Nervous breakdown

Over the past few days, Ankara has been on the verge of a nervous breakdown, watching Kurdish fighters moving toward the northern Iraqi oil fields. Threats that the Second Turkish Army, stationed in the border zone, would intervene did not deter the Kurdish fighters, the peshmerga, from entering Kirkuk and pushing on to Mosul. The Turks are faced with a painful dilemma. If they conform to Washington’s instructions and do not send in troops, they are afraid of creating faits accomplis. They are concerned that this is all taking place under their own noses, if not with their blessing. If the Turks invade these areas, conflict with the Kurds will be inevitable and will blow the US’s broader plans sky high, leading to a major crisis in US-Turkish relations. Colin Powell has promised his Turkish counterpart the peshmerga will withdraw from Kirkuk and will not enter Mosul. Yet thousands of Kurds are pouring into Kirkuk to settle in homes they were driven out of years ago by the regime intent on «Arabizing» these towns. The White House representative simply said Kirkuk would be under the control of US forces.

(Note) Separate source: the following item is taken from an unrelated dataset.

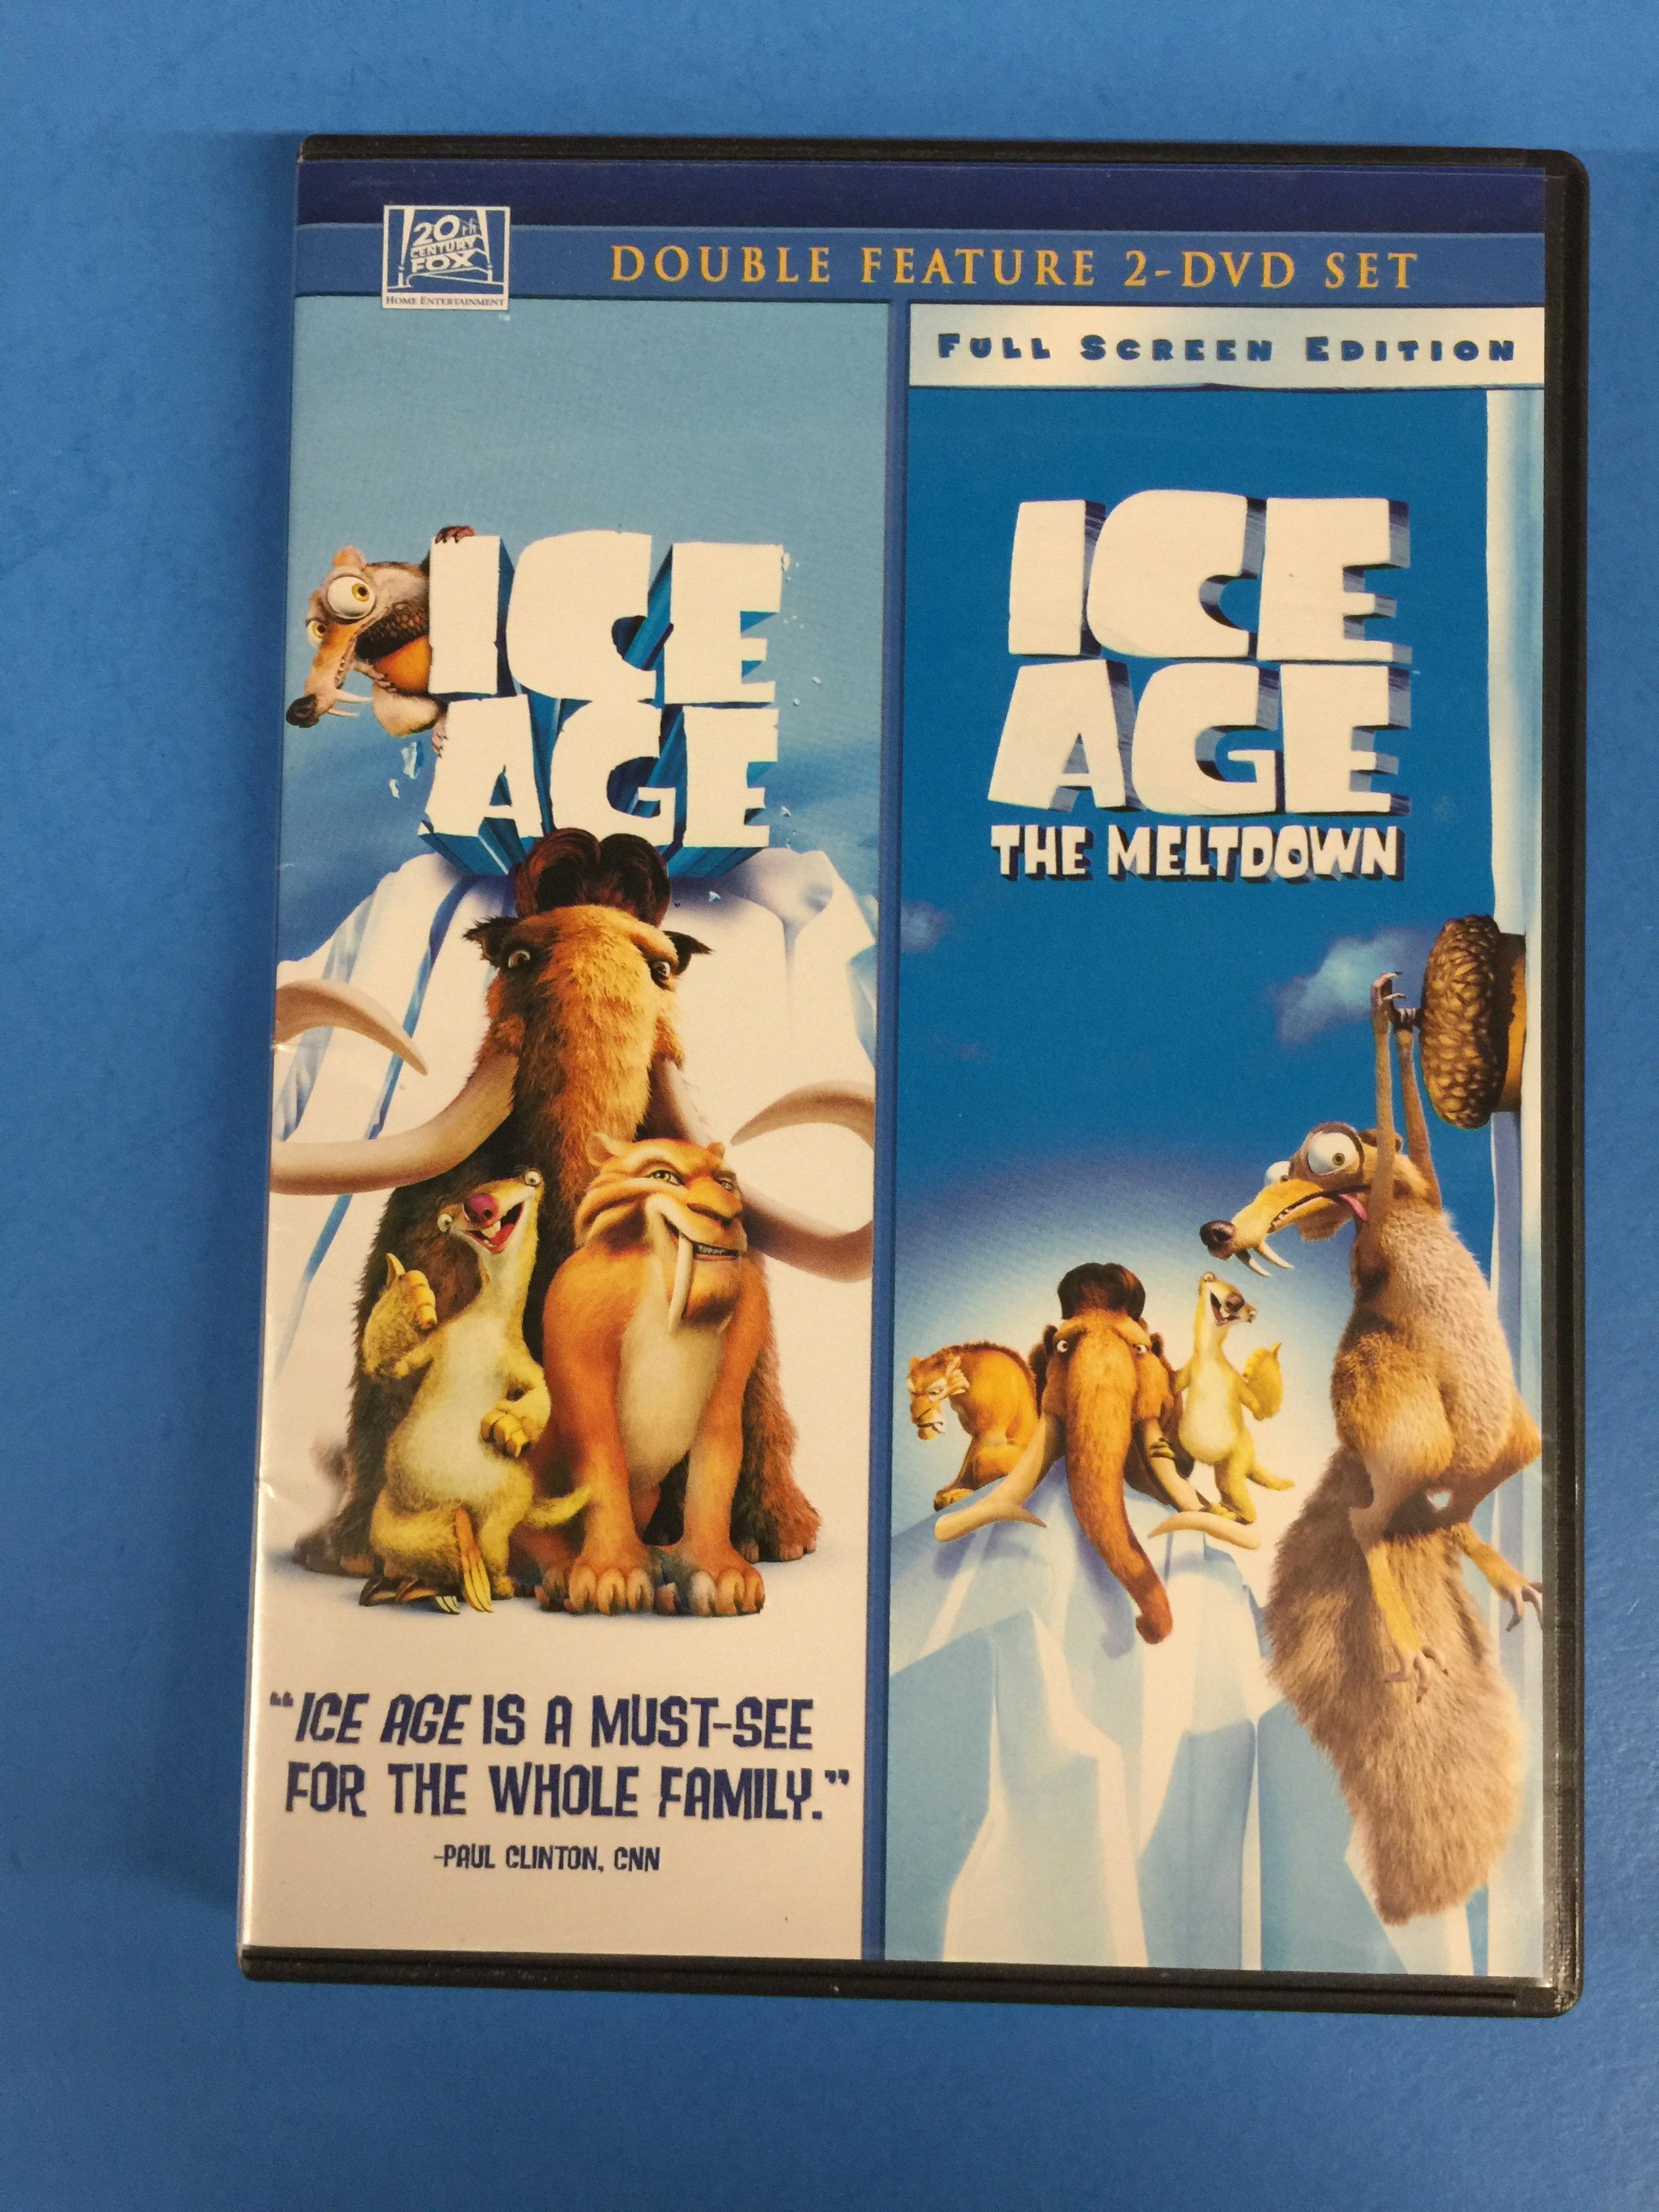 Double Feature: Ice Age & Ice Age The Meltdown DVD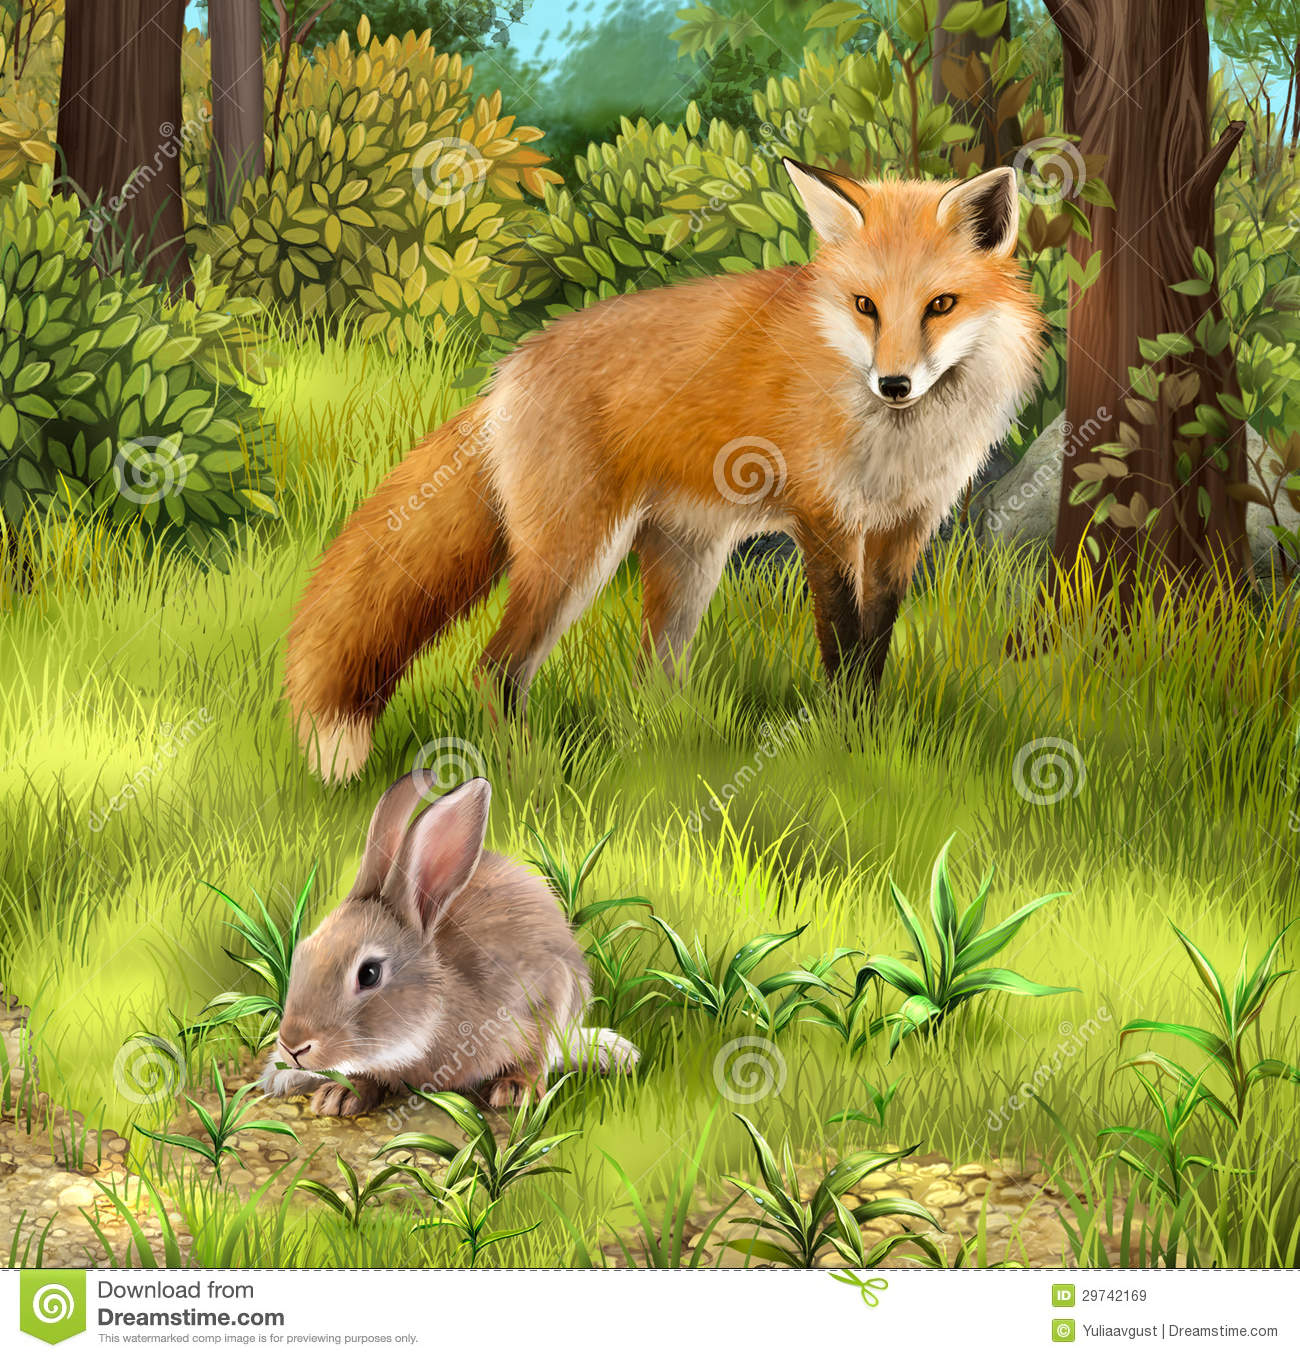 Gray Hare Eating Grass  Hunting Fox In The Forest  Royalty Free Stock

So the Americans are at least tolerating the return of the Kurdish population, making Ankara’s statement that it will not allow a change in the composition of those cities’ populations meaningless. Nothing is settled, but the most likely scenario is that the Kurds will benefit, their quasi-state in northern Iraq made stronger and larger. The Americans will support them because they realize that the Kurds see them as liberators. Kurdistan will not only be a more friendly environment but a lever for exerting pressure on surrounding countries. Washington is trying to reassure the Turkish leadership. But everything points to the fact that the Turks will have to swallow a bitter pill. The only other choice is outright adventurism.